Information supplied Block Start

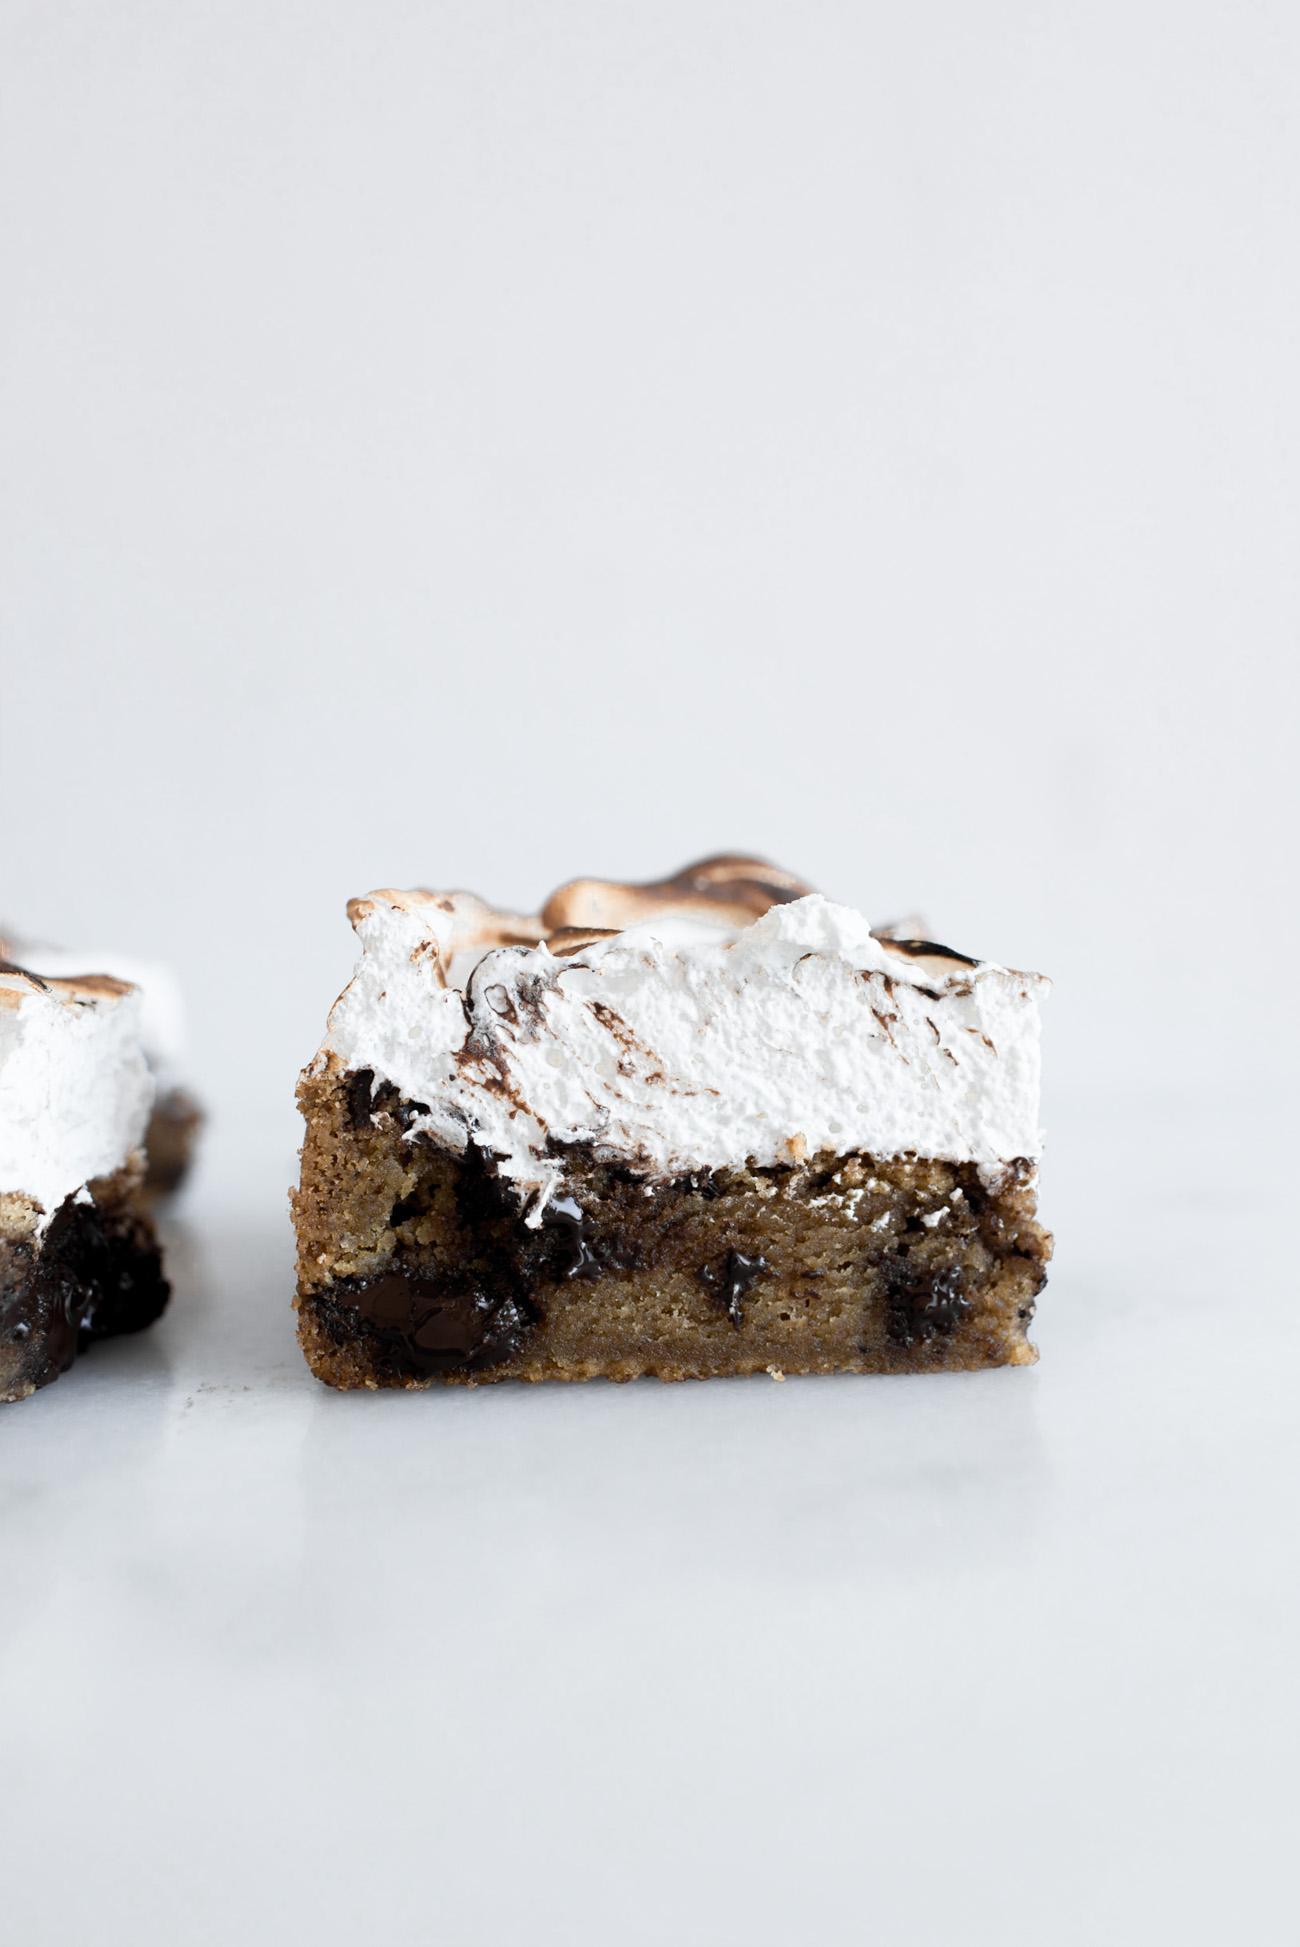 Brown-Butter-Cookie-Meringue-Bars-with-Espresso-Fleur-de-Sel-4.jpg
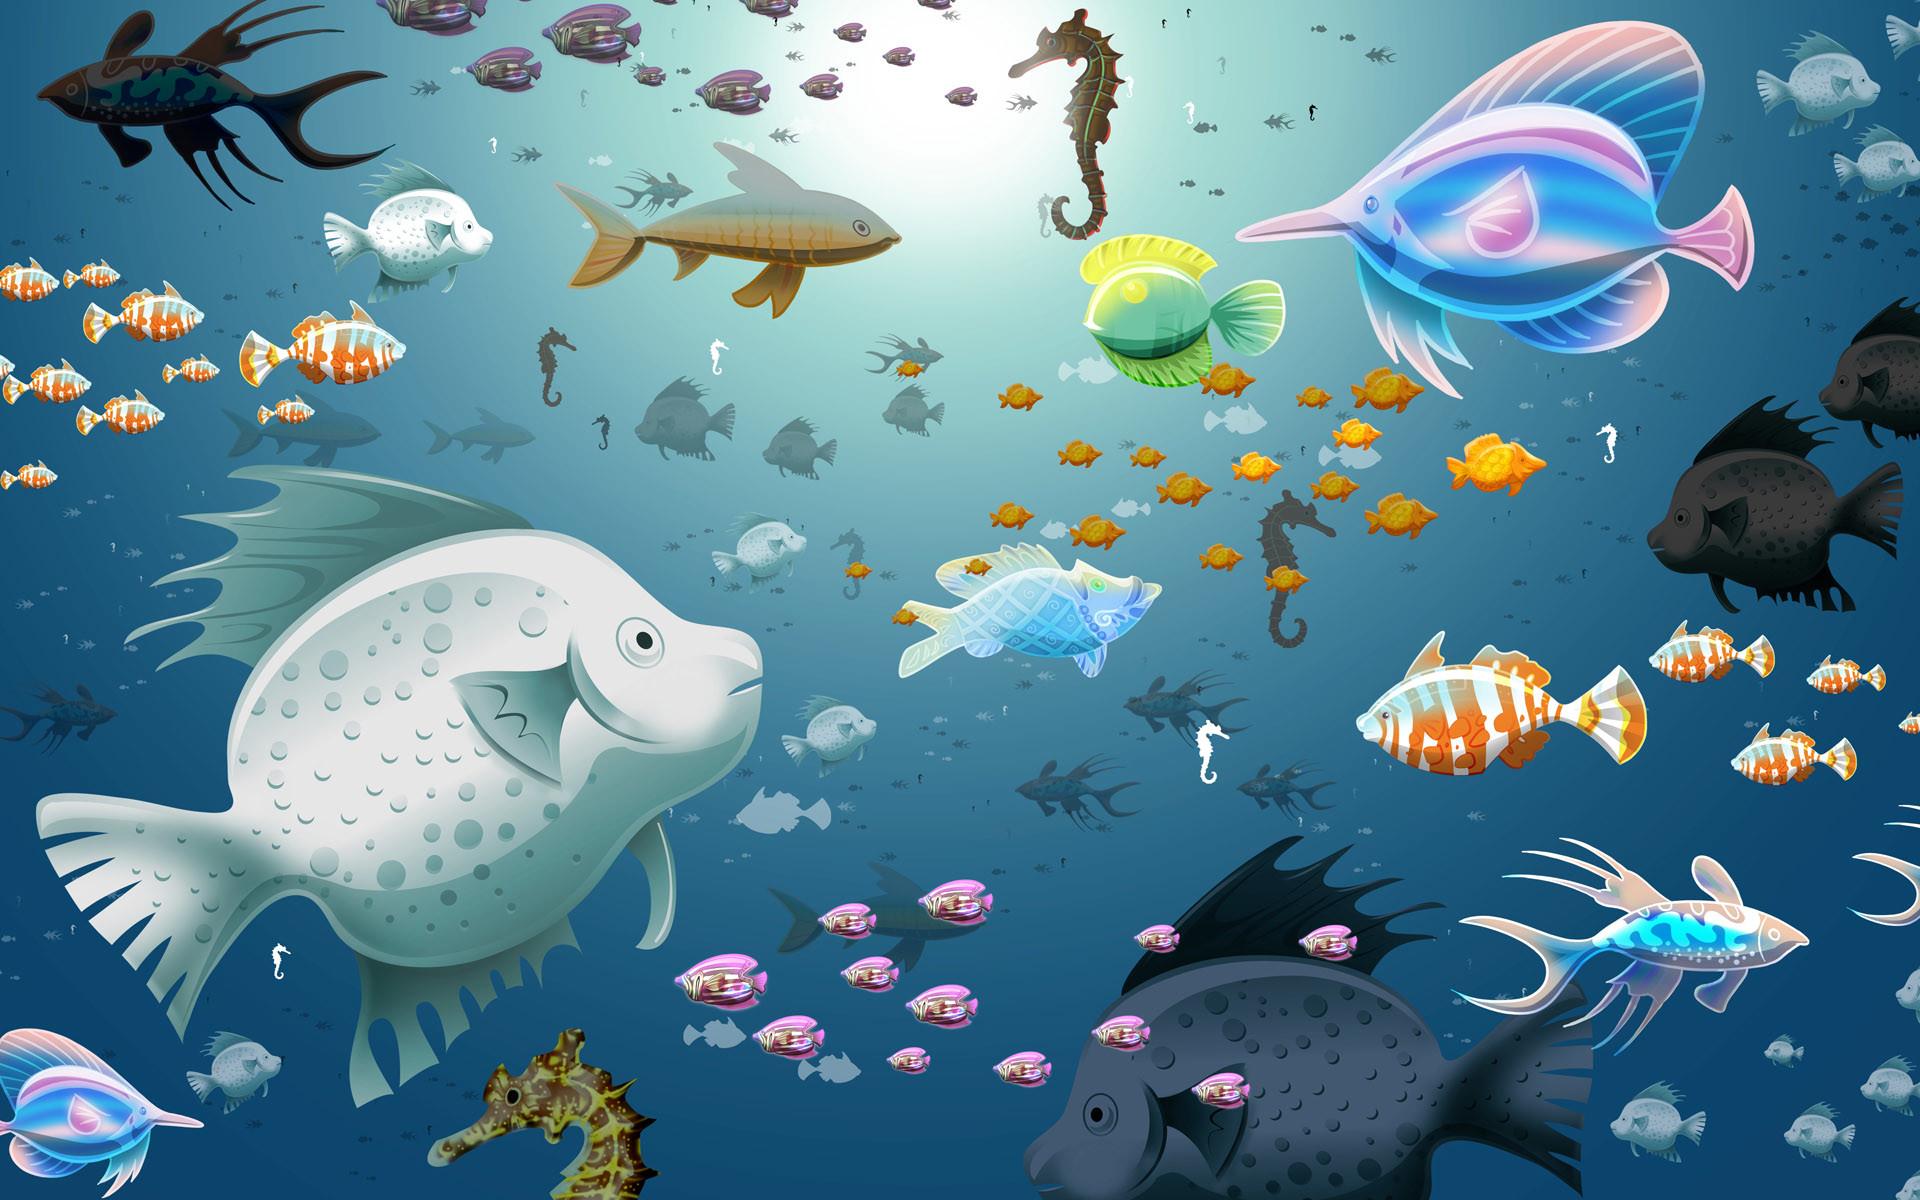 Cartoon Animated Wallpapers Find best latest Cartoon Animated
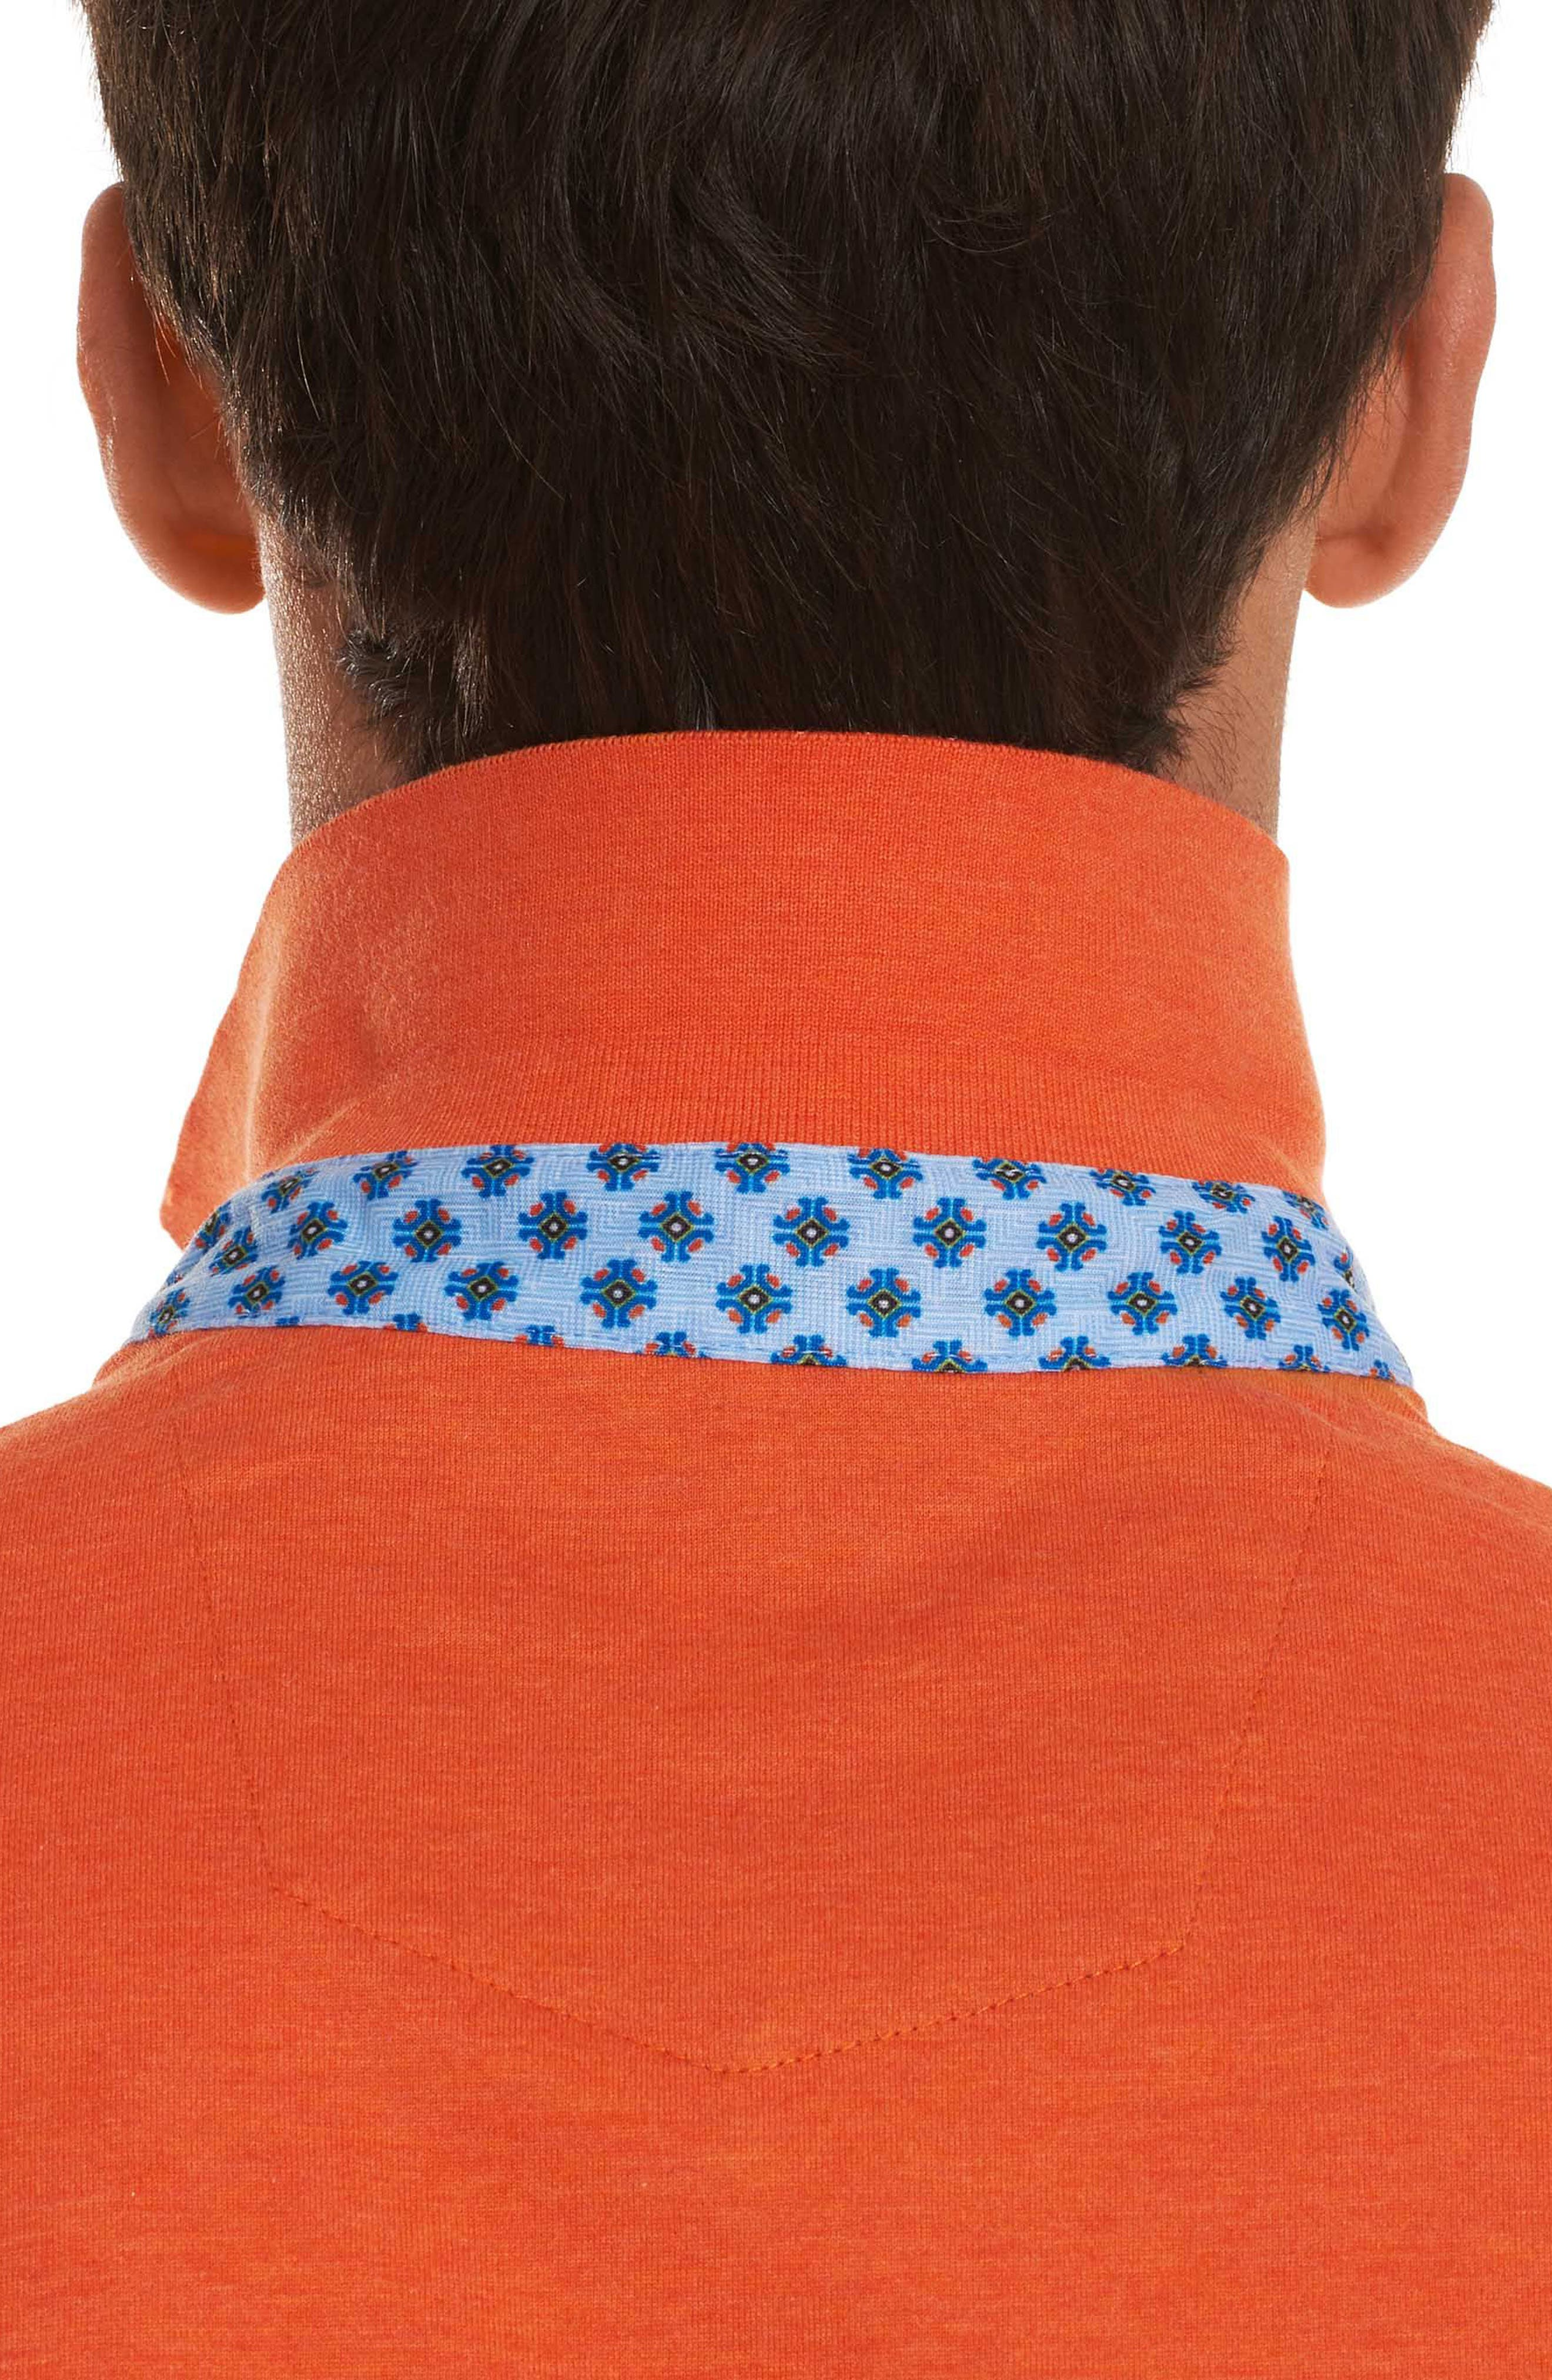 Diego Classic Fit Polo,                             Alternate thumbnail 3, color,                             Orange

Information supplied Block End

◆ **What needs to be done**: From the first line to the last, retype the material exactly and exclude the pictures.

◆ **The answer**:
 Brown-Butter-Cookie-Meringue-Bars-with-Espresso-Fleur-de-Sel-4.jpg
 Cartoon Animated Wallpapers Find best latest Cartoon Animated
 Diego Classic Fit Polo,                             Alternate thumbnail 3, color,                             Orange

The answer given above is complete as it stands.